The bill increases federal notification and clarifies which Clean Water Act provisions drive §401 certification—improving predictability for applicants and regulators—but narrows the scope of state review and reduces procedural flexibility, potentially weakening local water-quality protections.
State certifying agencies and the EPA: certifying agencies must notify the EPA immediately when they receive a request for Clean Water Act §401 certification, improving federal awareness of pending certifications and enabling earlier federal oversight or coordination.
Utilities, permit applicants, and certifying authorities: the bill clarifies which Clean Water Act provisions count as 'applicable' and that certifications target discharges that 'directly result' in violations, reducing ambiguity and making reviews and compliance expectations more predictable for project sponsors and regulators.
Downstream communities, local and state governments, and public health facilities: narrowing review to impacts that 'directly result' and constraining applicable requirements to specified CWA sections could prevent states from denying certification based on broader water-quality or cumulative impacts, weakening local environmental protections and increasing risk to water-dependent communities and,
State certifying authorities and applicants: replacing permissive procedural language (e.g., 'act on') with binary terms like 'grant or deny' may reduce procedural flexibility and negotiation options, potentially shortening timelines or limiting how agencies handle complex or conditional certifications.
Based on analysis of 2 sections of legislative text.

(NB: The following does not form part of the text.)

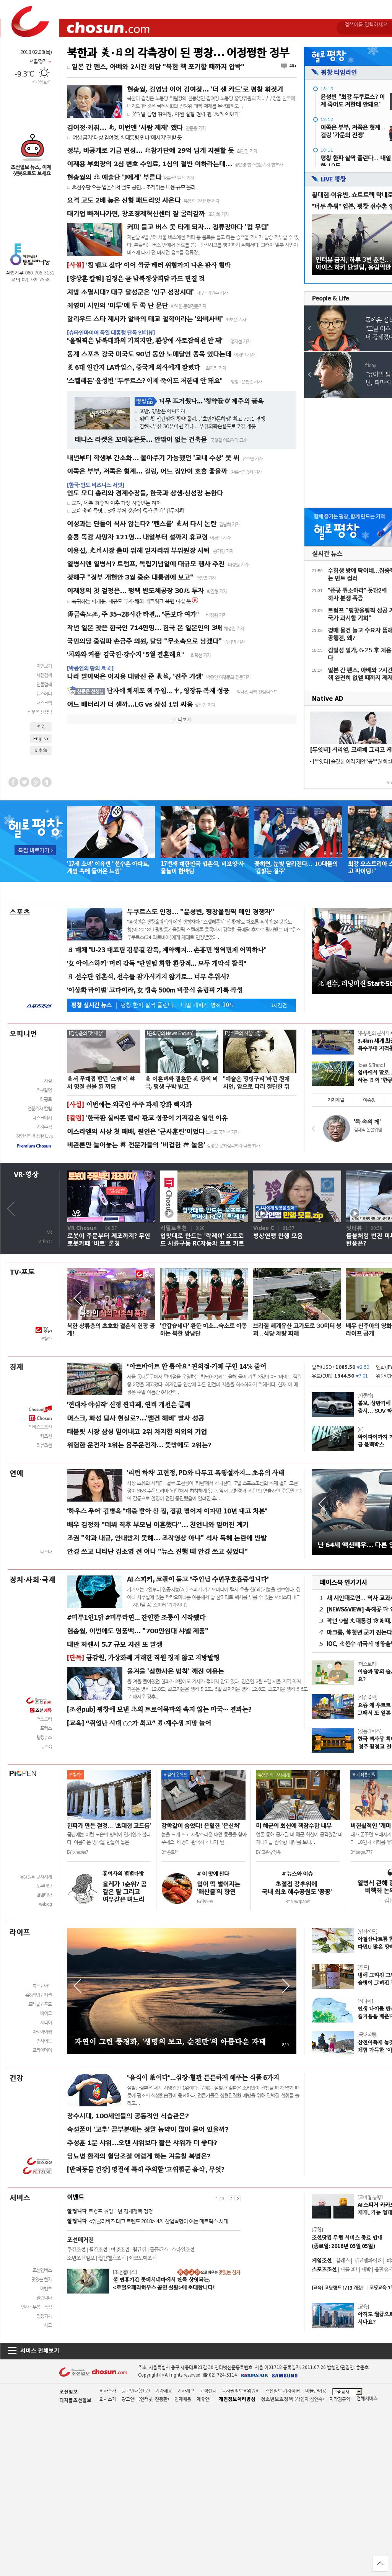 chosun.com at Wednesday Feb. 7, 2018, 10:02 p.m. UTC

Introduced June 11, 2025 by David Rouzer · Last progress June 11, 2025
Amends the Clean Water Act's Section 401 to tighten and clarify the law that governs state or interstate certification of federal licenses and permits that may lead to discharges into navigable waters. The bill replaces broad or ambiguous terms with more specific language (for example, focusing on discharges that "may directly result"), requires certifying States or interstate agencies to immediately notify the EPA Administrator when they receive a certification request, and defines which statutory provisions (specific effluent limits, performance standards, prohibitions, and state water-quality requirements) are "the applicable provisions." The changes are textual and definitional and do not appropriate funds or add new deadlines beyond the immediate-notification requirement.